I dunno, seems like it would still work but people just don’t have the patience to figure this stuff out. They’d rather use the toxic dispersants made by the company their CEO has an ownership stake in, or whatever.
scav
@Southern Beale: well, one problem is the attention span. The time to get the ideas, develop, test, retweak, and rebuild them is before the accident — ah, but that’s the time where nobody wants to “waste” the money on debbie downer’s or harry tree-hugger’s ideas about worst case accidents that are never going to happen because they’ve never happened in the past. ‘Member Rush telling us all this was no big deal and the ocean would take care of anything? The cry of “Where’s the Oil! ? !” was loud and clear in late April.

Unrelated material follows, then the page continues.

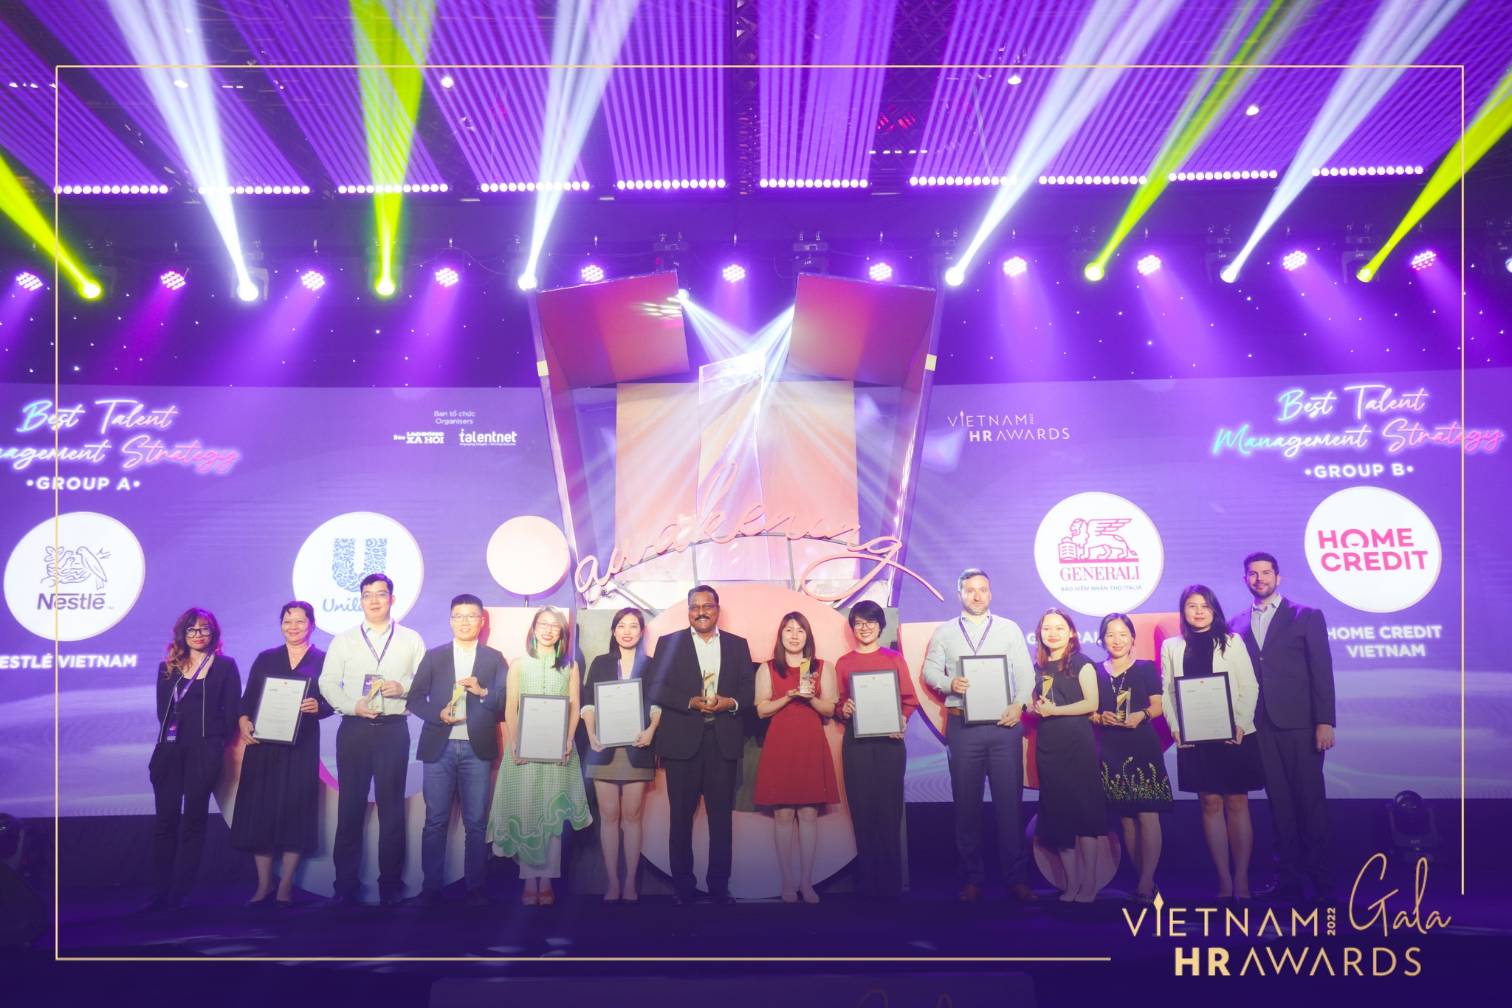 Vietnam HR Awards Gala 2022 AWAKENING JOY

oh, and you do actually understand the difference between bottom of the ocean but on top of the dirt and bottom of the ocean but underneath a solid layer of rock, I would assume.
FlipYrWhig
How about some Mr. Clean Magic Erasers? Those work wonders on all kinds of greasy surfaces!
Cain
@DougJ:
“As God as my witness, I swear I thought turkeys could fly..”
cain
Airmon
Using straw ( or hay ) to absorb oil is not new. I remembered seeing photos of hay being used to absorb oil at the 1969 Santa Barbara oil spill, and googling for the image I found this guys site, talking about the same thing.
http://www.rense.com/general90/barb.htm
Still, could be a good idea. We’ve got a lot of it and it’s cheap.
trollhattan
@Ecks:
Checking back in, it’s now just a static shot of the discharge from the broken end of the prostrate riser pipe end. Black, black oil.
Sigh.
Citizen Alan
@MikeJ:
I don’t believe that’s true at all. I think most Republicans in this country who don’t actually live on the Gulf Coast would be happy to see this spill go on indefinitely because they think it undermines Obama and will make it easier to retake Congress and the White House. Certainly, the conduct of Republicans in D.C. and in the conservative media seems to show that using the spill as a cudgel against Obama is more important than actually solving things. Why do you think they’re still fighting to protect BP from increased tort liability?
Citizen Alan
@sherifffruitfly:
I find this naked contempt for everyone in the world who wears overalls (which I’ve noticed in several posts) to be extremely off-putting. Here are people who are proposing what they believe may be a relatively inexpensive and green solution to this catastrophe, a solution that, in this video at least, seems to show impressive results, particularly in comparison to our current policy of toxic dispersents in massive quantities. Will hay and Bermuda grass work on the scale we need? I don’t know, but I don’t think the answer to that question turns on whether the guys giving the demonstration are wearing neckties and have posh Harvard accents either.
Mako
@Airmon:
Alien technology could also be used. Surprised Rense hasn’t mentioned it yet.
mitch
This show from Canada (see Pt. 2 — Oil Spill Clean-up) goes into various ideas raised by individuals, including the hay one here.